As he grew older, he became their helper, which trained him to become one of the skillful wooden boat builders in Sibutu, an island-town some three hours away by “lansa” from Bongao, the provincial capital of Tawi-Tawi.

A lansa, called “kumpit” when still under construction, is a large wooden-hulled cargo and passenger vessel conspicuously plying the high seas of Tawi-Tawi and neighboring Sulu province ever since.

Sunrise paints a splendid scene in Sibutu

MORNING SPLENDOR | Sunrise paints a splendid scene in Sibutu. Apart from its famed shipbuilding industry, the town also boasts a 9-kilometer continuous stretch of white sand beaches. (Photo by BONG S. SARMIENTO / Inquirer Mindanao)

‘Balangay’ builder

Toroganan’s most unforgettable experience as a wooden boat builder was being part of the team that constructed in 2010 two replicas of Butuan City’s famous “balangay,” which was used by a team headed by former Environment Undersecretary Arturo Valdez in sailing across Southeast Asia then.

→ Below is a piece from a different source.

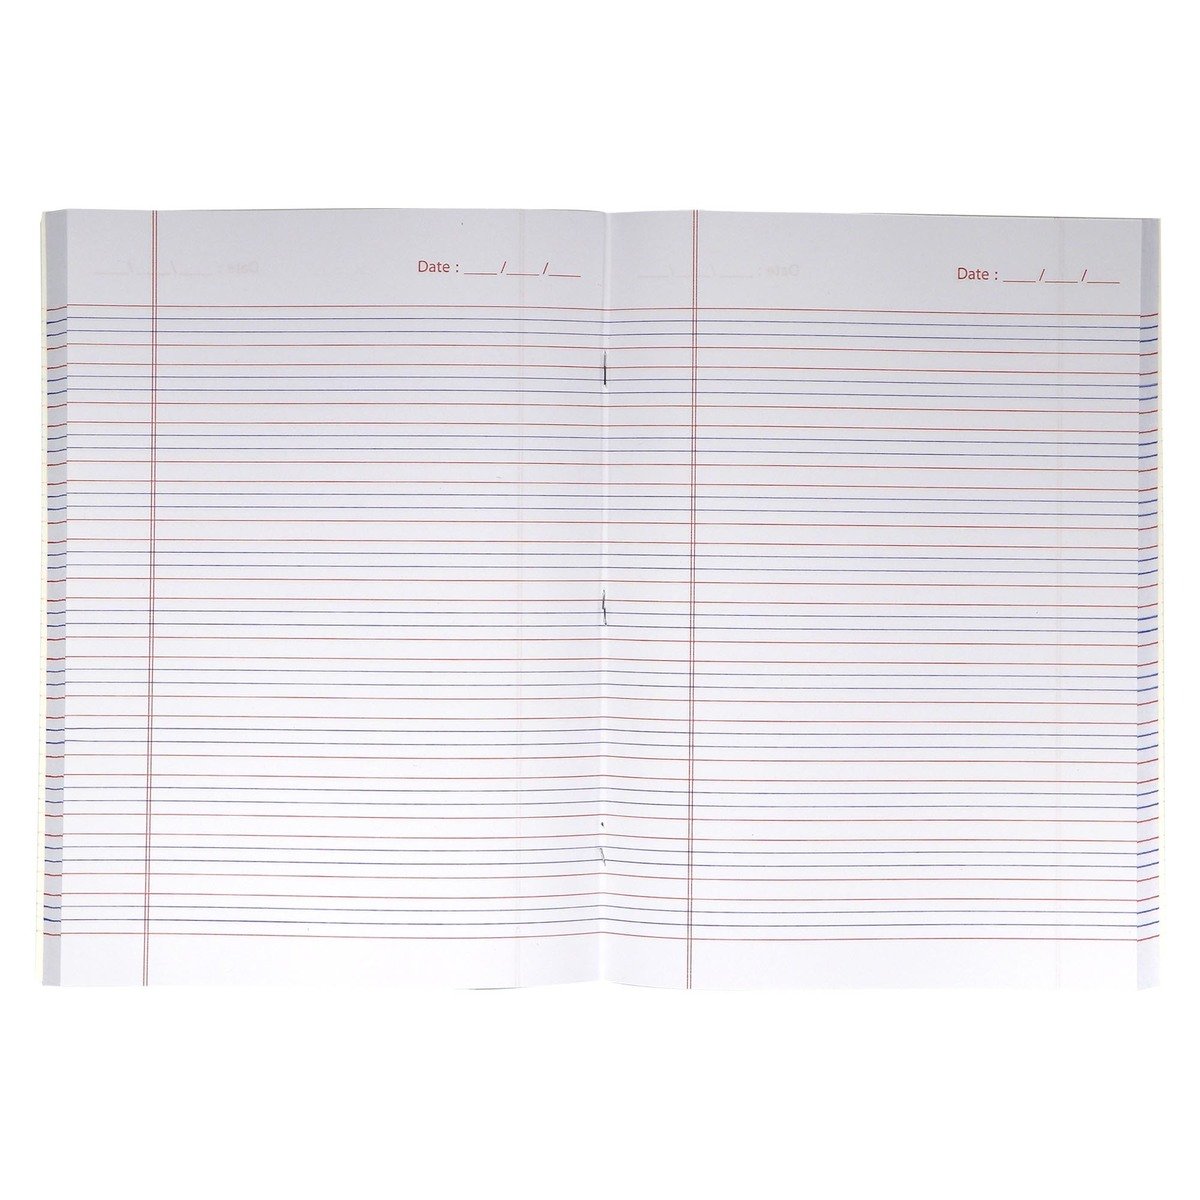 Children 4 Line Notebook: English Notebook With 4 Lines : Four Line  Notebook For Kids Handwriting : 200 Pages
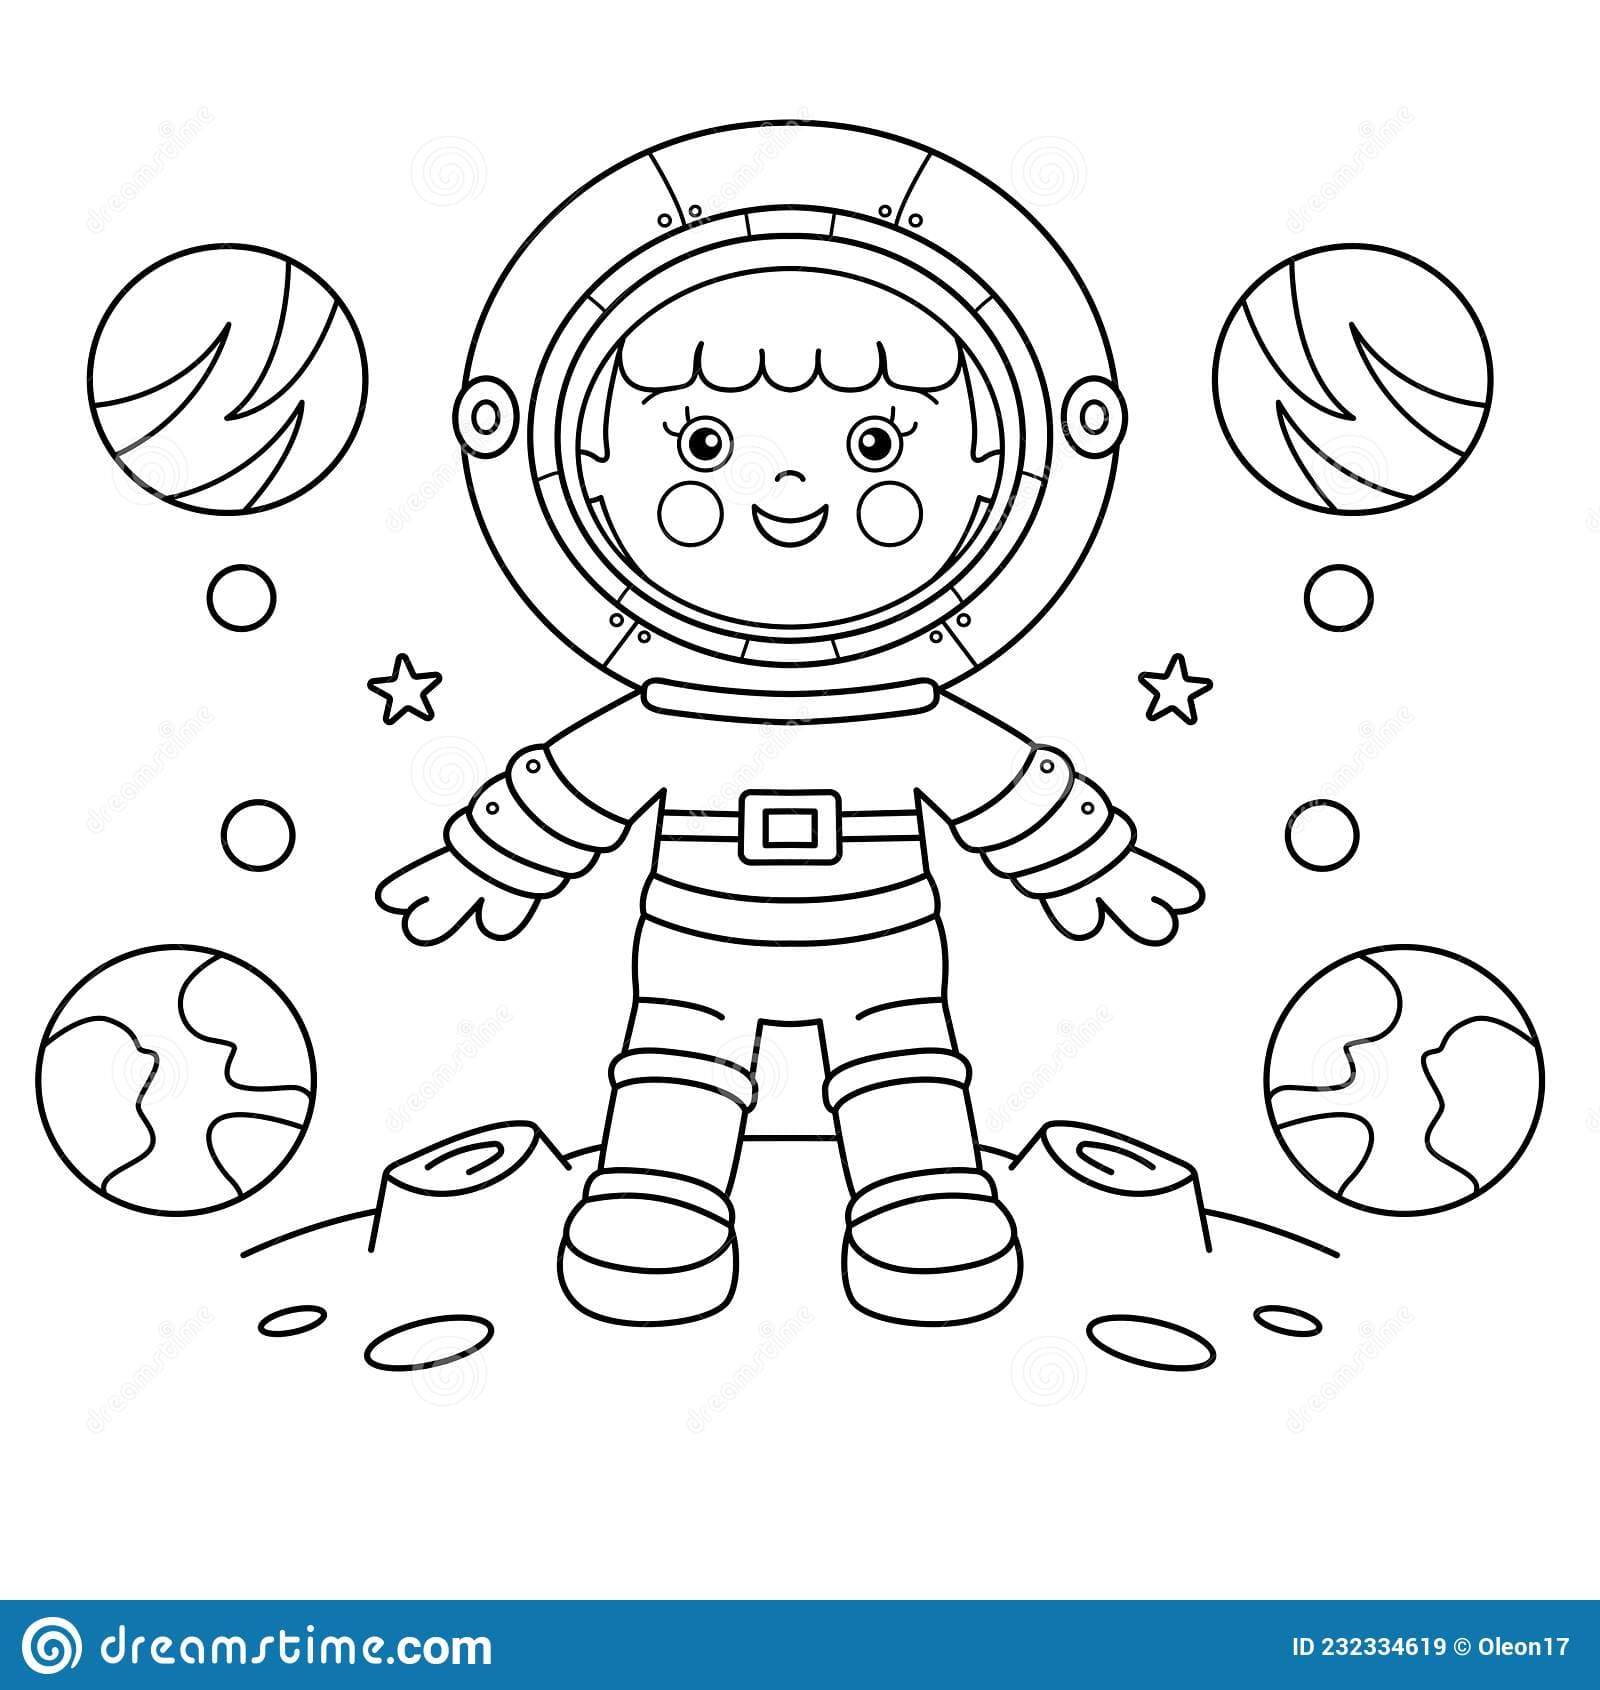 Coloring Page Outline Of a cartoon astronaut in spacesuit on planet Coloring Page

Valdez, who led the first successful Philippine expedition to Mt. Everest, launched the “Voyage of the Balangay” in 2009, first building a replica of the balangay in Manila with the masterful hands of Sama-Bajau tribesmen who came all the way from Tawi-Tawi’s Sibutu and Sitangkai towns. It was used for the Philippine leg of the voyage.

At least nine balangay boats, dating as early as 320 A.D., have been discovered in Butuan since the 1970s, with the biggest one, dubbed the “Balangay Mother Boat” due to its size, unearthed in 2012.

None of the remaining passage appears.